Capítulo 8

Sebastián iba a regresar dos días antes de la boda. A medida que se acercaba, Maggie descubrió que lo esperaba con una urgencia que la ruborizaba. No sabía si amaba a ese hombre, pero sí que estaban unidos por un poder misterioso. No lo lamentaba. Sus sentimientos podrían convertirse pronto en amor. Si tan solo…

Si tan solo lo permitiera.

Sabía que aún había algo pendiente entre ellos, que tardaría un tiempo en arreglarse… si es que alguna vez lo hacía. Todavía debía penetrar el secreto oscuro que él guardaba. Al mundo le mostraba su fortaleza, pero quería conocer sus debilidades. Cuando se las mostrara, sabría que confiaba en ella.

«Por la misma regla», pensó con una sonrisa, «cuando yo le muestre mi propia debilidad, sabré que confío en él».

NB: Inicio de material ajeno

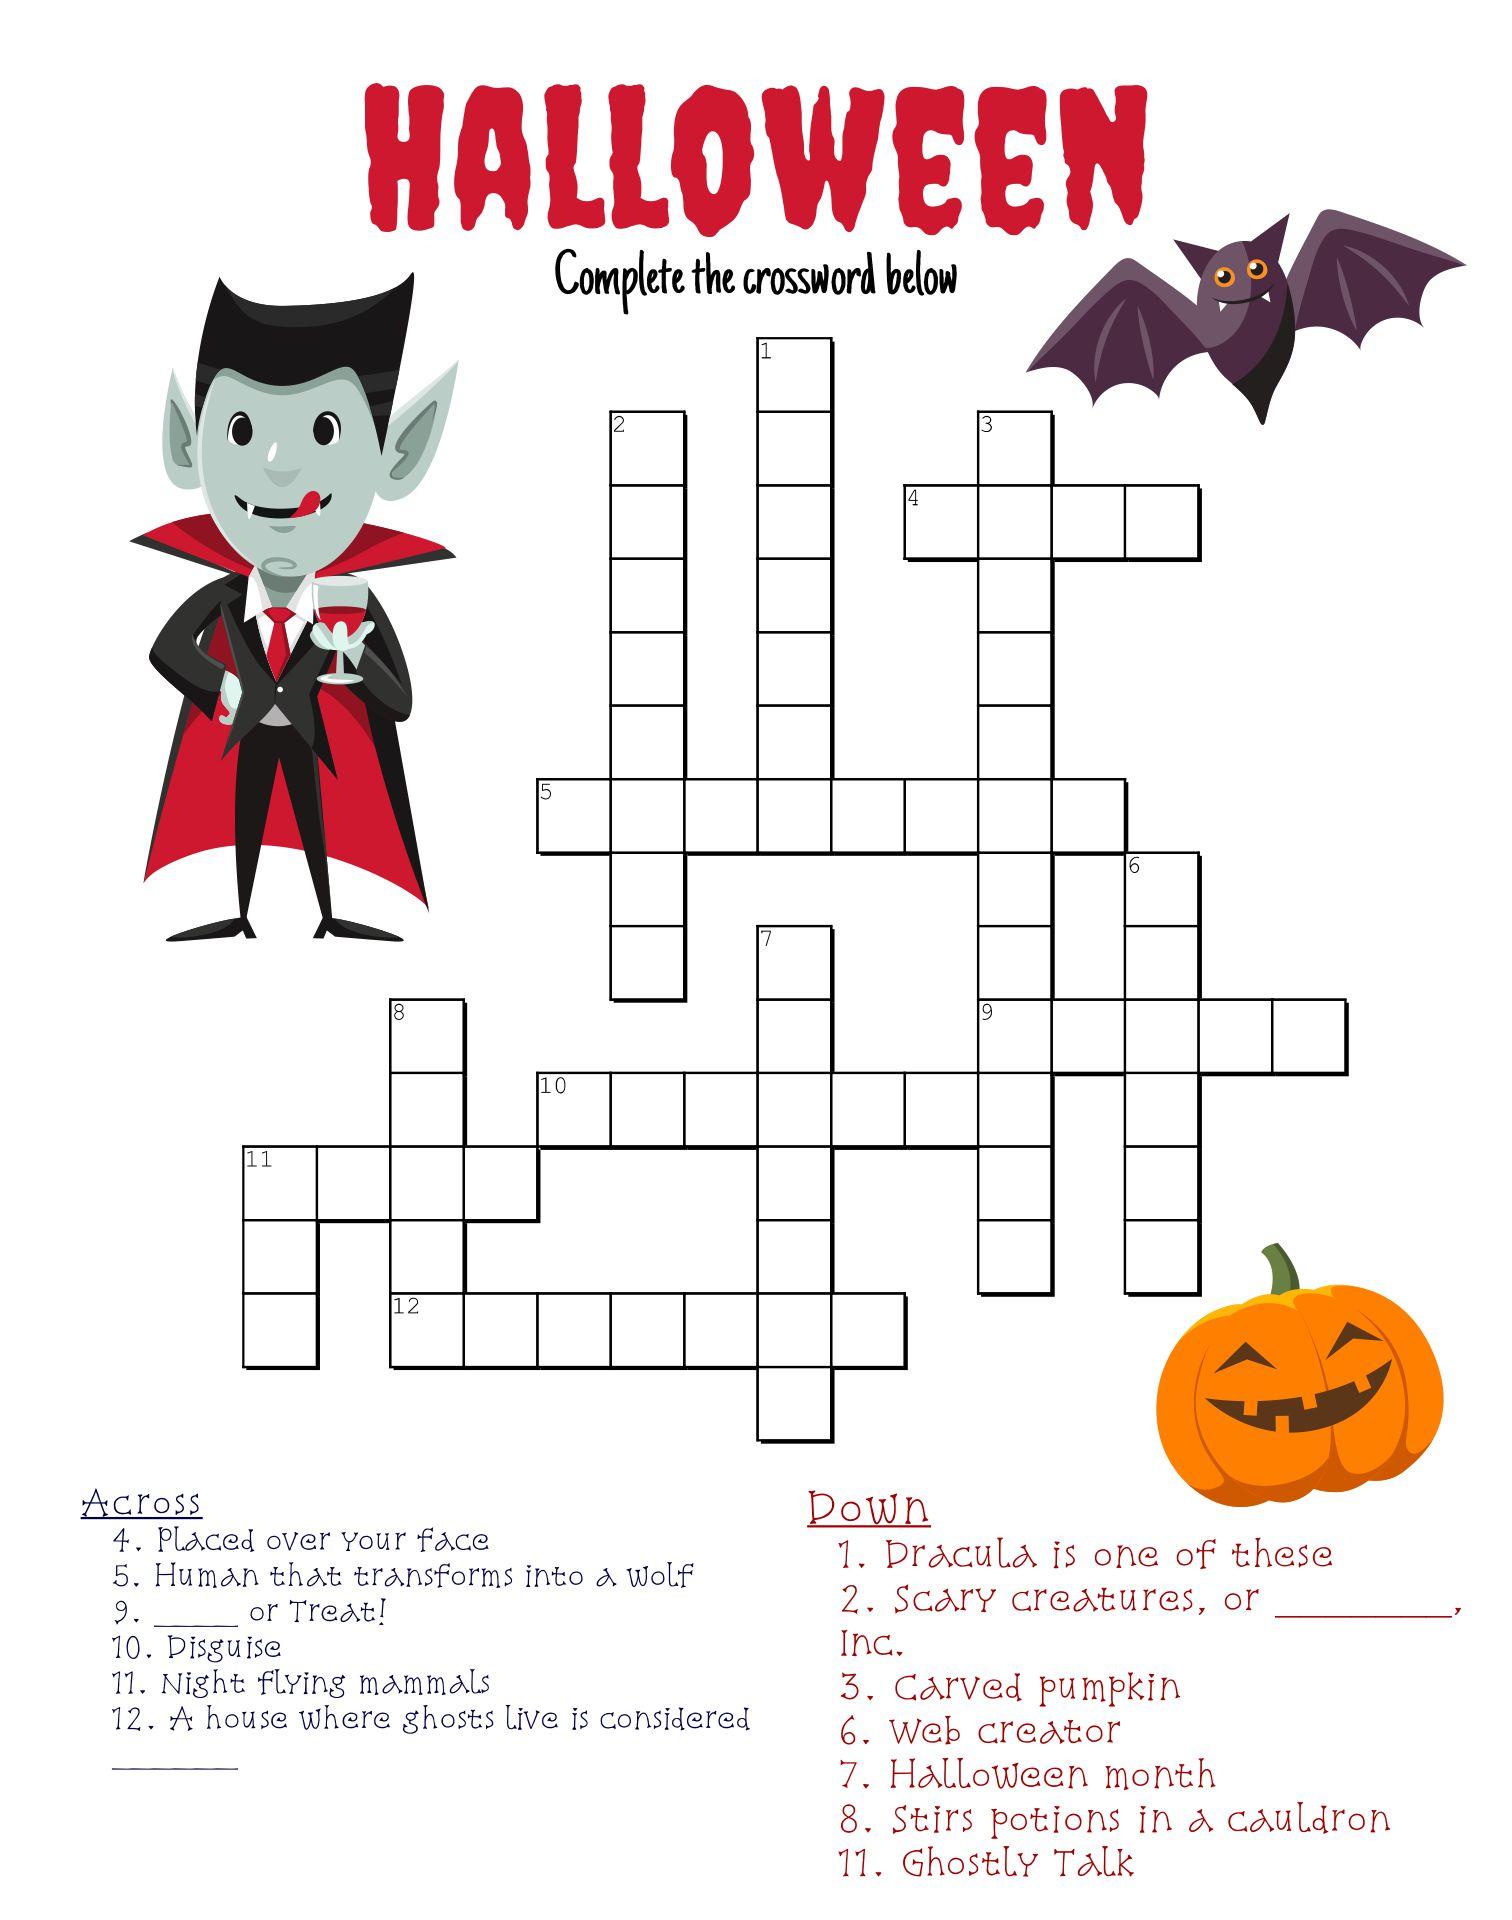 Fun Halloween Crossword Puzzles
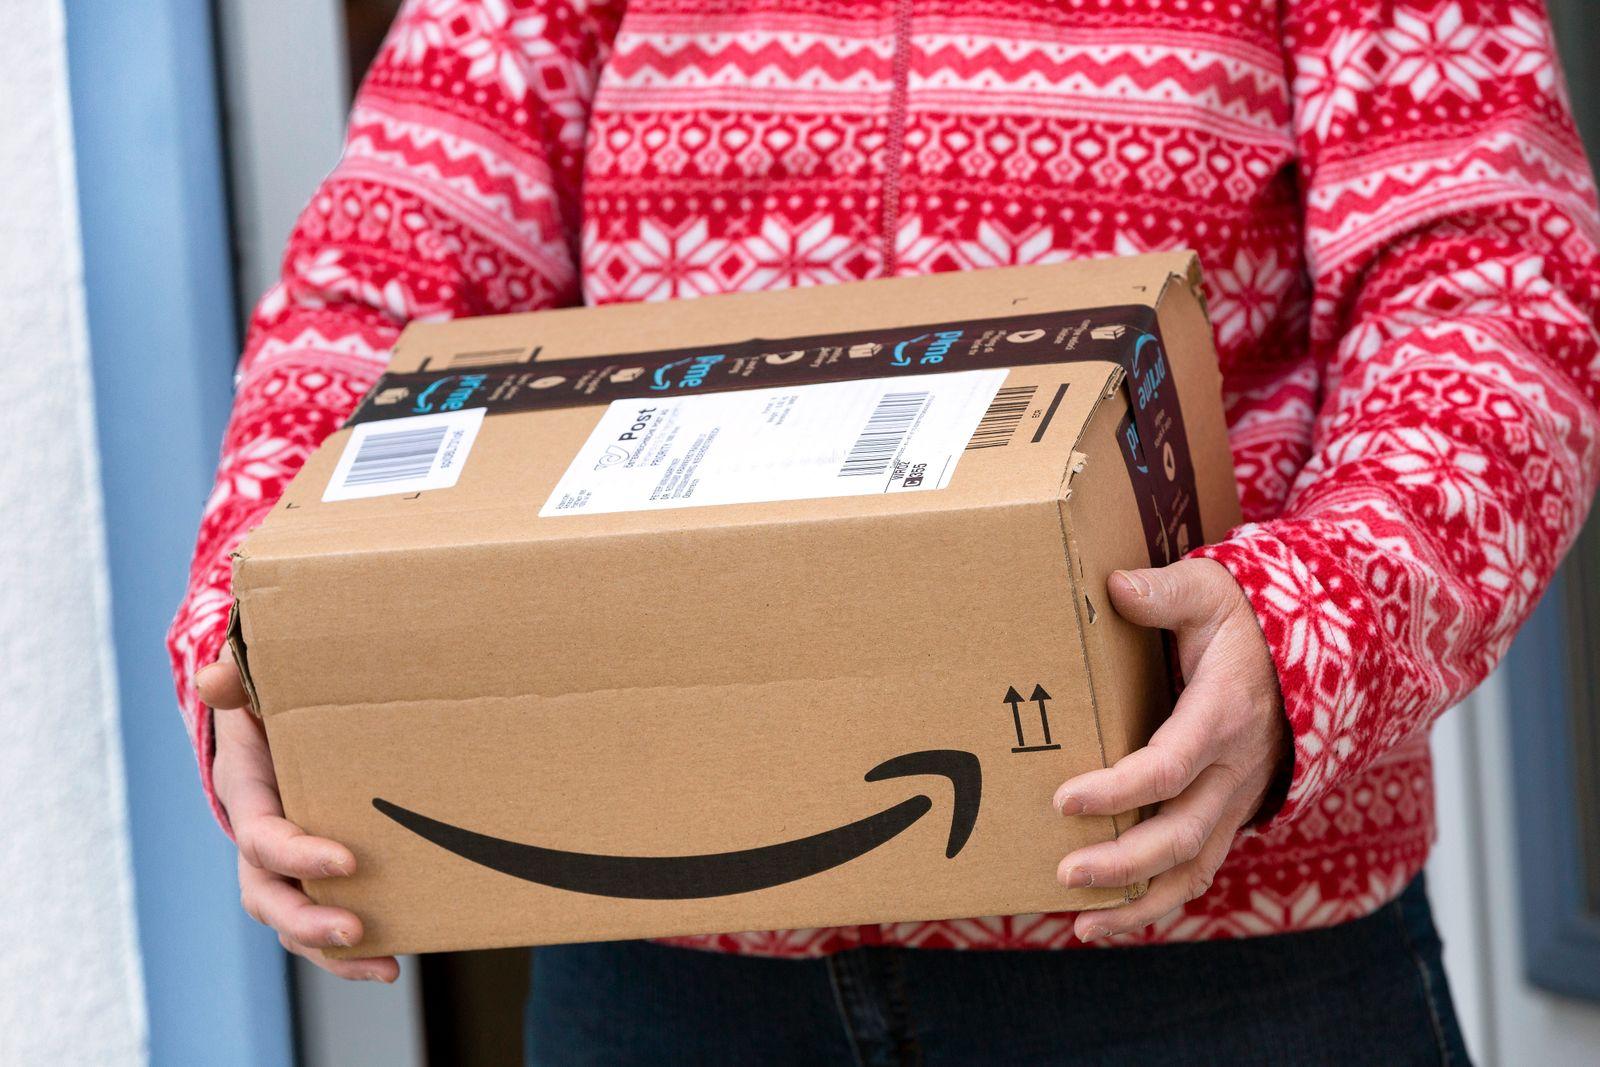 Amazon Prime Paket *** Amazon Prime Package PUBLICATIONxINxGERxSUIxAUTxHUNxONLY 1065517971

El día de su retorno, se desató una tormenta. La lluvia y los rayos azotaron la casa, y por la noche no habían amainado. A la hora de acostarse no había señal de Sebastián. Maggie deseó poder dormir, pero el viento aullaba con una violencia que nunca había mostrado.

De pronto se oyó el ruido de una puerta al cerrarse con fuerza. Parecía proceder del pasillo. Se sentó y escuchó con atención, pero solo captó el gemido insistente del viento. Se sentía incómoda esperando algo que no sabía qué podía ser. Se levantó de la cama para abrir la puerta. Fuera brillaban unas lámparas que proyectaban una luz difusa y llenaban el pasillo con sombras.

– ¿Hay alguien ahí? -llamó.

– Sí -surgió un gruñido en la oscuridad.

En ese momento vio que se dirigía hacia el dormitorio. A la luz de las lámparas de pared sus ojos no eran más que cavidades oscuras con algo que ardía en sus profundidades. Al llegar junto a ella vio que daba la impresión de llevar varias noches sin dormir.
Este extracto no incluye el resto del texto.